2022-08-03	fix(web/runner): Prevent reporting NaN values	Fabian Mastenbroek
	This change fixes an issue with the OpenDC web runner where it would report NaN values for some of the metrics due to the topology being empty. This in turn causes issues in the frontend.
2022-08-03	fix(web/runner): Gracefully exit on interrupt	Fabian Mastenbroek
	This change updates the web runner implementation to gracefully exit the current thread when interrupted.
2022-08-03	fix(web/runner): Use correct context ClassLoader for ForkJoinPool	Fabian Mastenbroek
	This change updates the OpenDC web runner implementation to use the correct context ClassLoader for simulation jobs running inside a ForkJoinPool. By default, the ForkJoinPool will use the system class loader which does not have access to the services needed by the web runner.

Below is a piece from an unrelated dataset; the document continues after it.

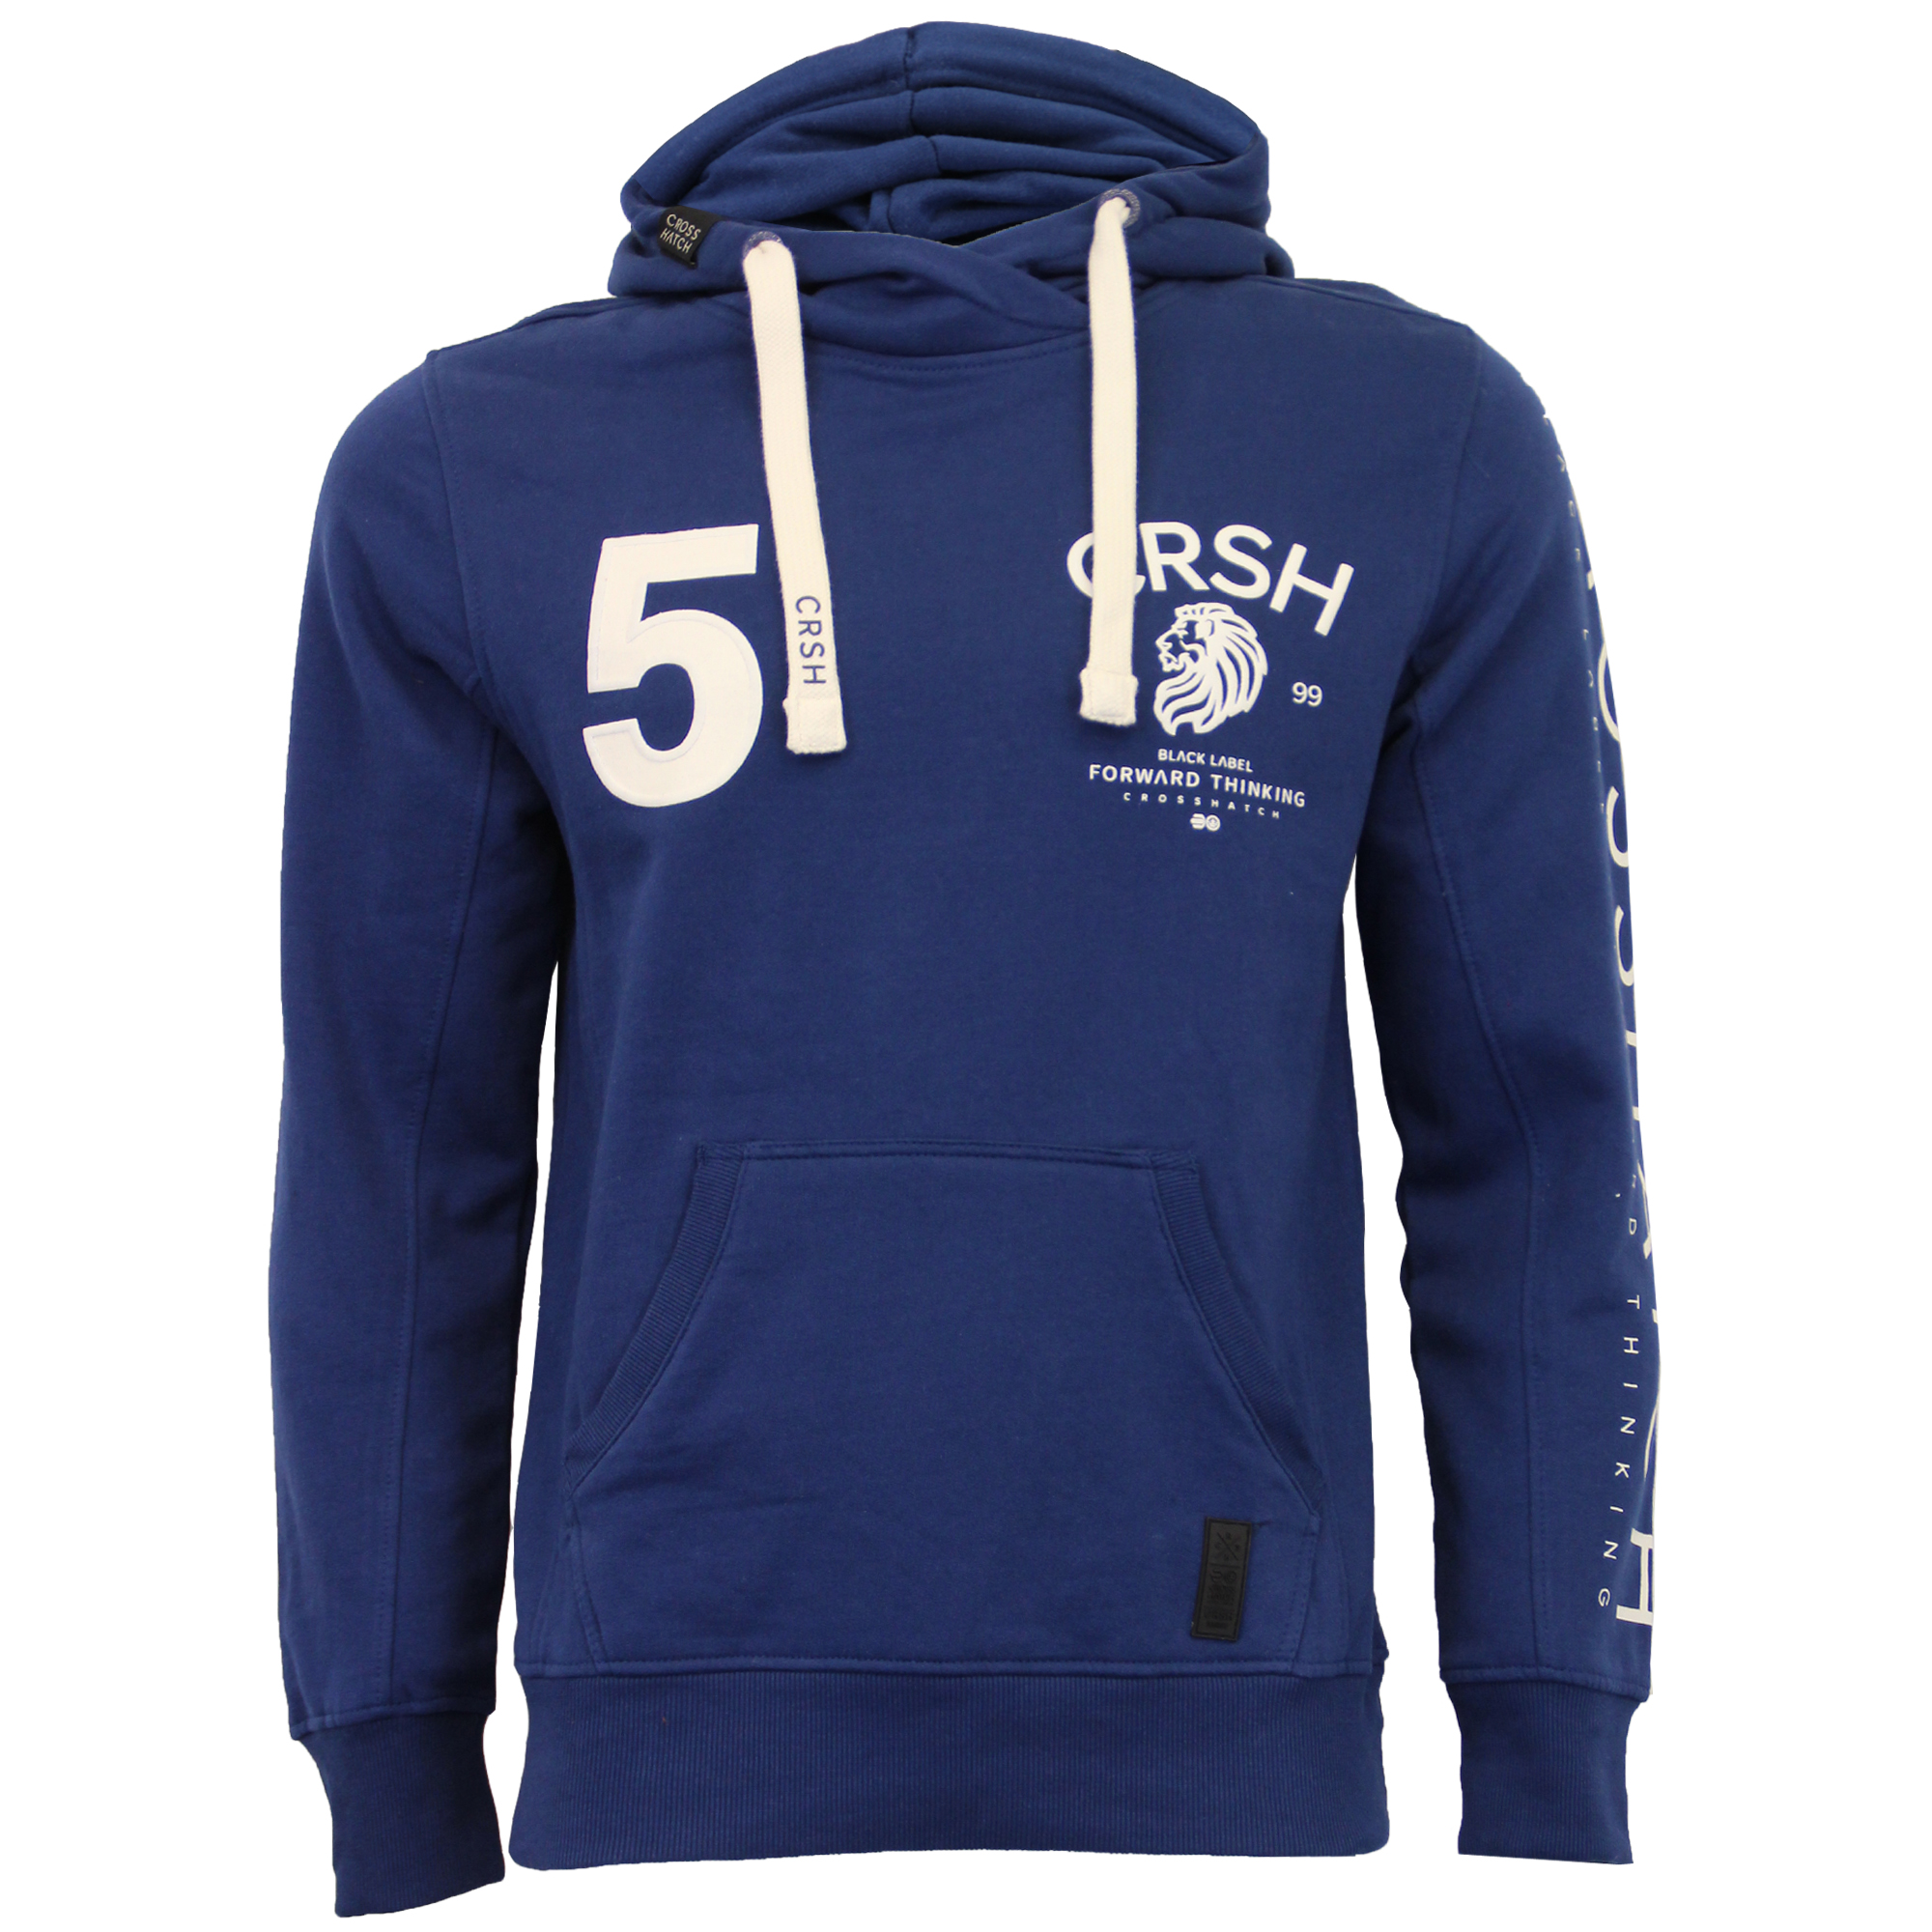 Mens-Sweatshirt-Crosshatch-Hoodie-Top-Embossed-Logo-Print-Sweat-Fleece-Lined-New thumbnail 6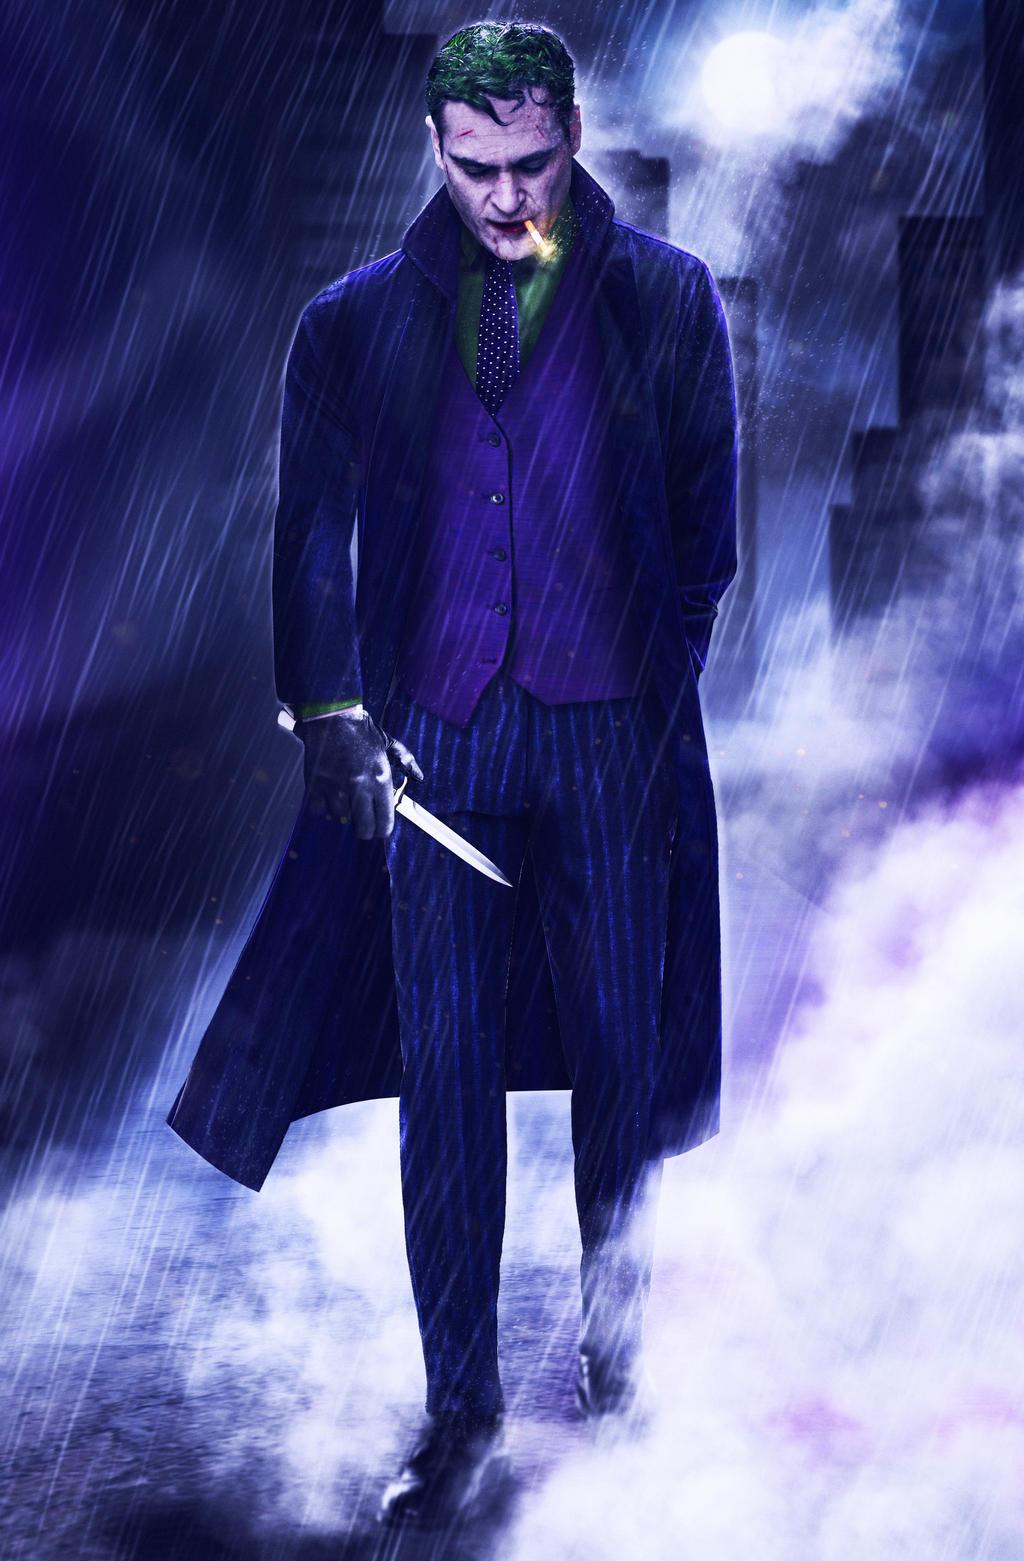 Joaquin Phoenix Joker 2019 Film By Digestingbat On Deviantart

2022-05-18	refactor(web/runner): Move runner CLI into separate configuration	Fabian Mastenbroek
	This change splits the command line interface from the OpenDC web runner into a separate configuration. We plan to re-use the runner code for a Quarkus extension that integrates the runner in development mode.
2022-05-15	build(web/runner): Reduce build steps for Docker image	Fabian Mastenbroek
	This change updates the Dockerfile for the web runner to reduce the number of build steps necessary to build the web runner. Previously, the build would also include/build the web API which is not used in the image.
2022-05-06	refactor(compute/service): Remove OpenTelemetry from "compute" modules	Fabian Mastenbroek
	This change removes the OpenTelemetry integration from the OpenDC Compute modules. Previously, we chose to integrate OpenTelemetry to provide a unified way to report metrics to the users. Although this worked as expected, the overhead of the OpenTelemetry when collecting metrics during simulation was considerable and lacked more optimization opportunities (other than providing a separate API implementation). Furthermore, since we were tied to OpenTelemetry's SDK implementation, we experienced issues with throttling and registering multiple instruments. We will instead use another approach, where we expose the core metrics in OpenDC via specialized interfaces (see the commits before) such that access is fast and can be done without having to interface with OpenTelemetry. In addition, we will provide an adapter to that is able to forward these metrics to OpenTelemetry implementations, so we can still integrate with the wider ecosystem.